Issue 3: Is the Applicant’s new evidence admissible at the Appeal Division?

[31] The Applicant’s new evidence is not admissible at the Appeal Division.

[32] The application for leave to appeal included a letter from the Applicant’s former employer, dated October 17, 2018. The Applicant submits this document to show that the settlement payment “was paid in resect of her agreement to relinquish her right of reinstatement and her comprehensive collective agreement rights.”

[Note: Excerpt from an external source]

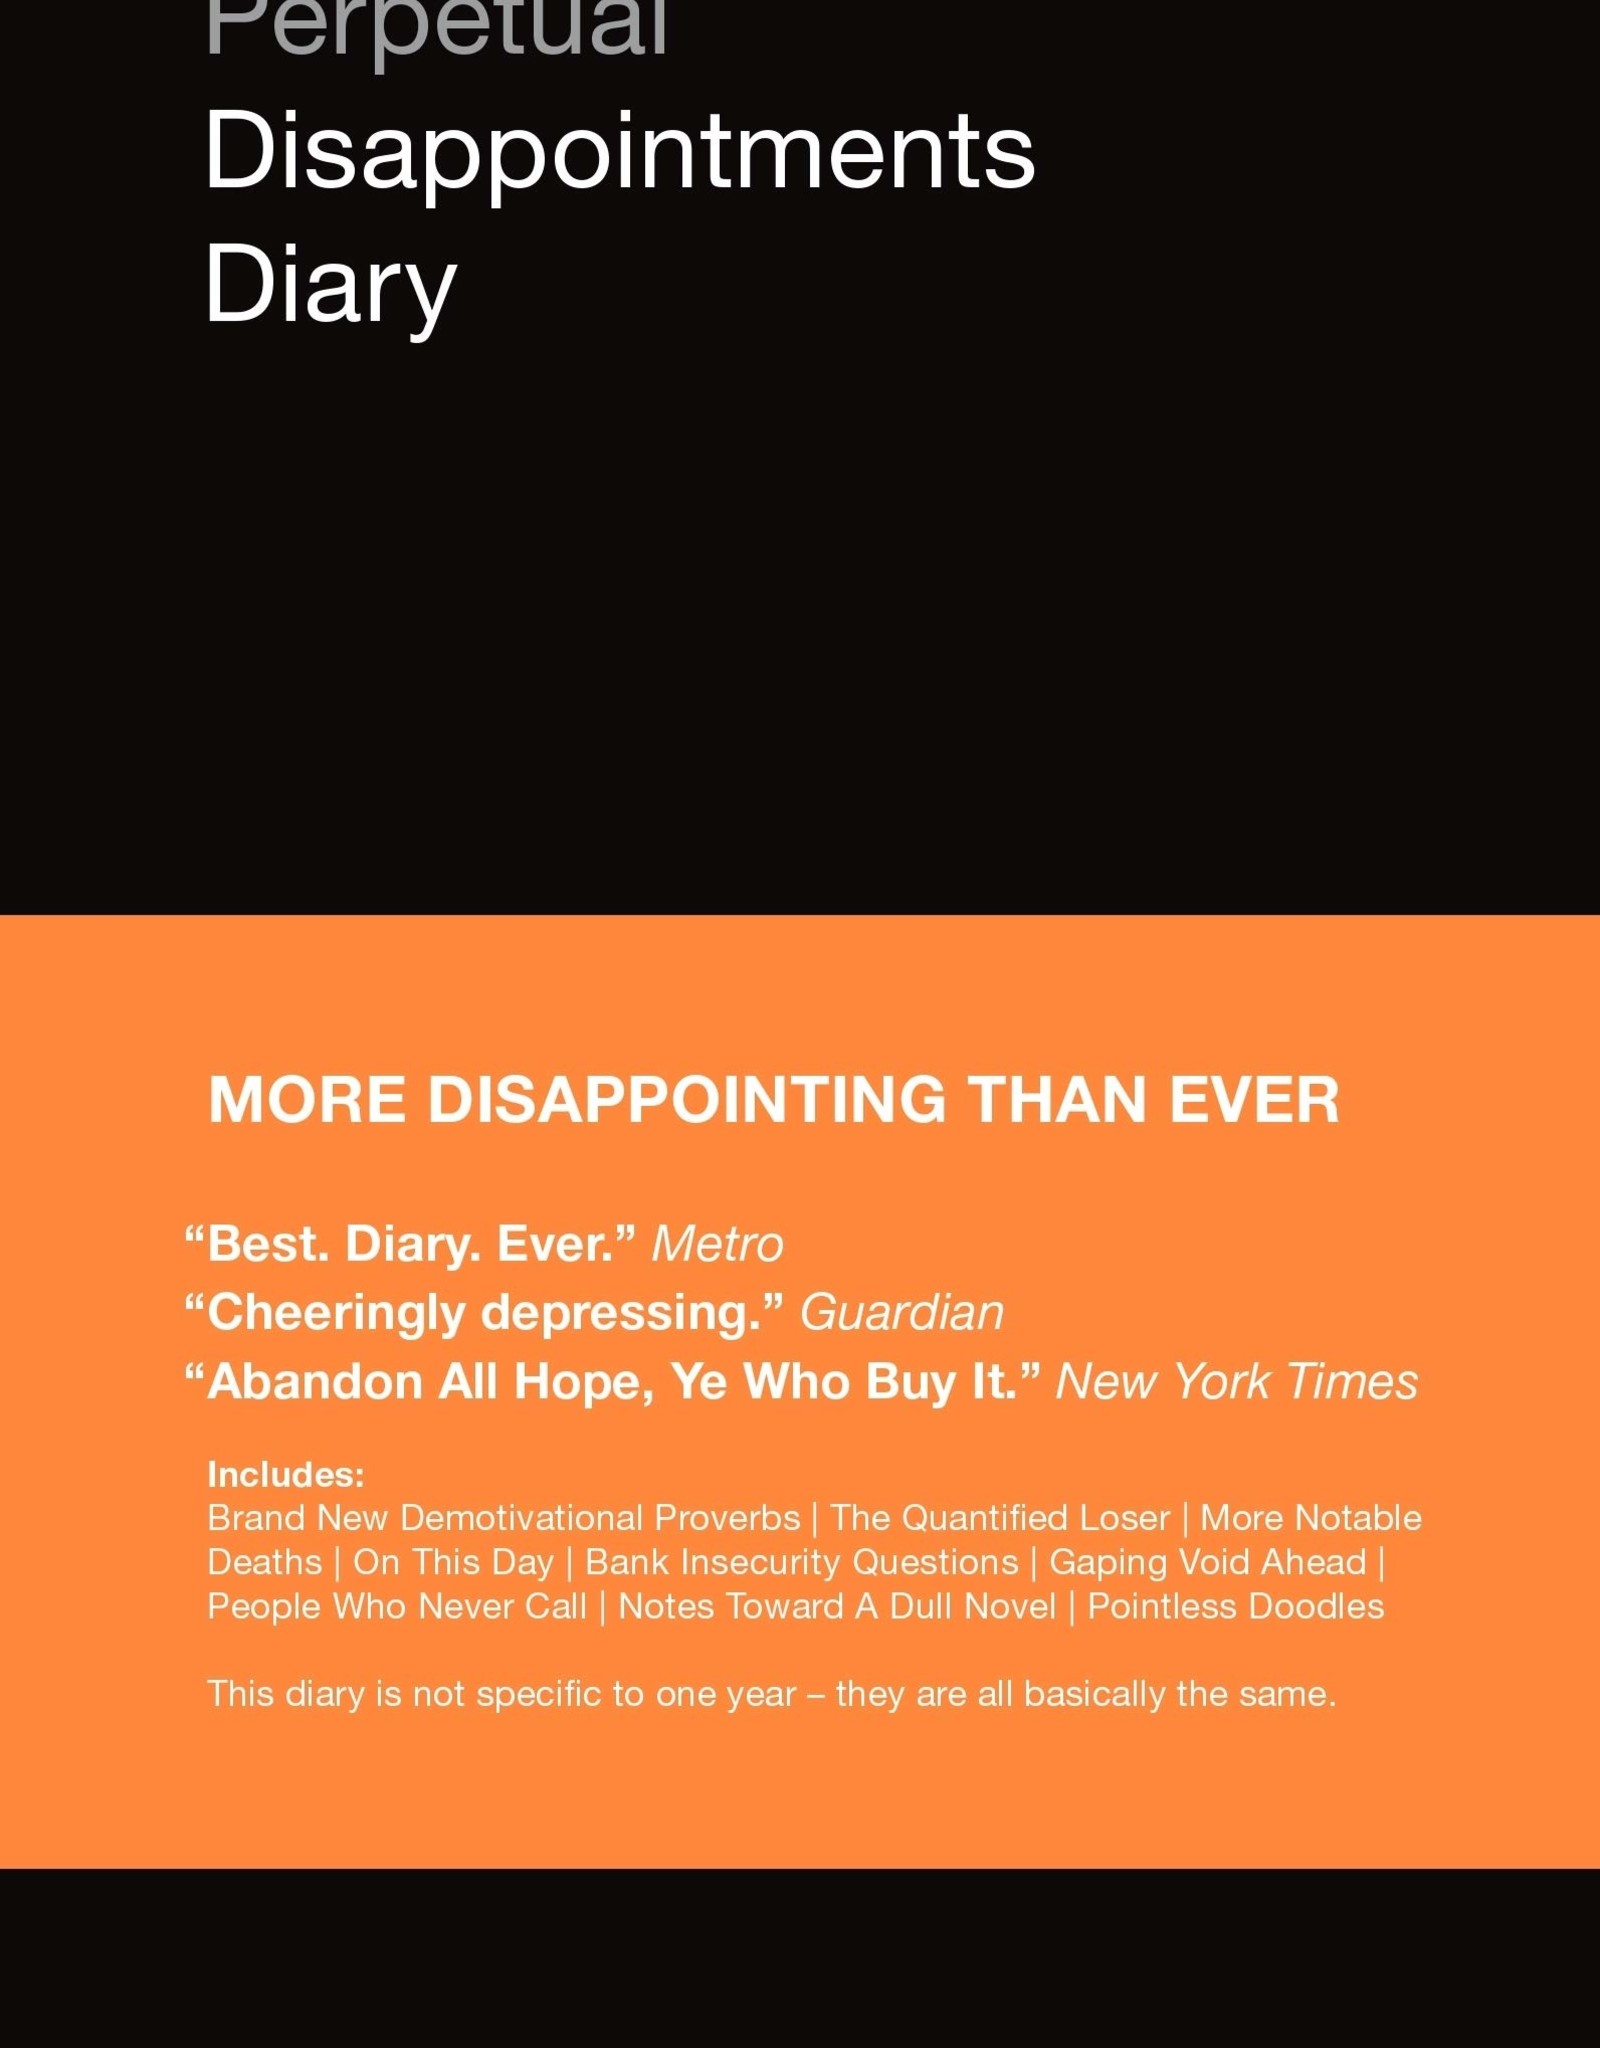 PERPETUAL DISAPPOINTMENTS DIARY (BLACK / ORANGE)

[33] The Tribunal wrote to the Applicant to explain that the Appeal Division cannot consider new evidence, except in limited situations. It noted that another option was for the Applicant to make an application to rescind or amend a General Division decision based on new evidence. As a result, the Applicant filed an application with the General Division to rescind or amend her General Division decision.Footnote 12

[34] The General Division issued a decision on the Applicant’s application to rescind or amend, on May 31, 2019, and dismissed the application. The Applicant has filed an application for leave to appeal that decision, which is the subject of a separate Appeal Division decision.Footnote 13

[35] New evidence is not a ground of appeal under section 58 of the DESD Act. It was incumbent upon the Applicant to present any evidence she had to the Commission and to the General Division before or at the hearing. The Applicant obtained new evidence after the General Division rendered its decision. She filed an application to rescind or amend the General Division decision based on this evidence, but the new evidence is not admissible at the Appeal Division on this application for leave to appeal.

[36] The new evidence was not in the record before the General Division prior to its decision of August 31, 2018. Therefore, it cannot form the basis of an argument that the General Division made a reviewable error by not considering the information the evidence allegedly contains.

[37] The appeal does not have a reasonable chance of success based on the new evidence.

Conclusion

[38] I am satisfied that the appeal has no reasonable chance of success, so the application for leave to appeal is refused.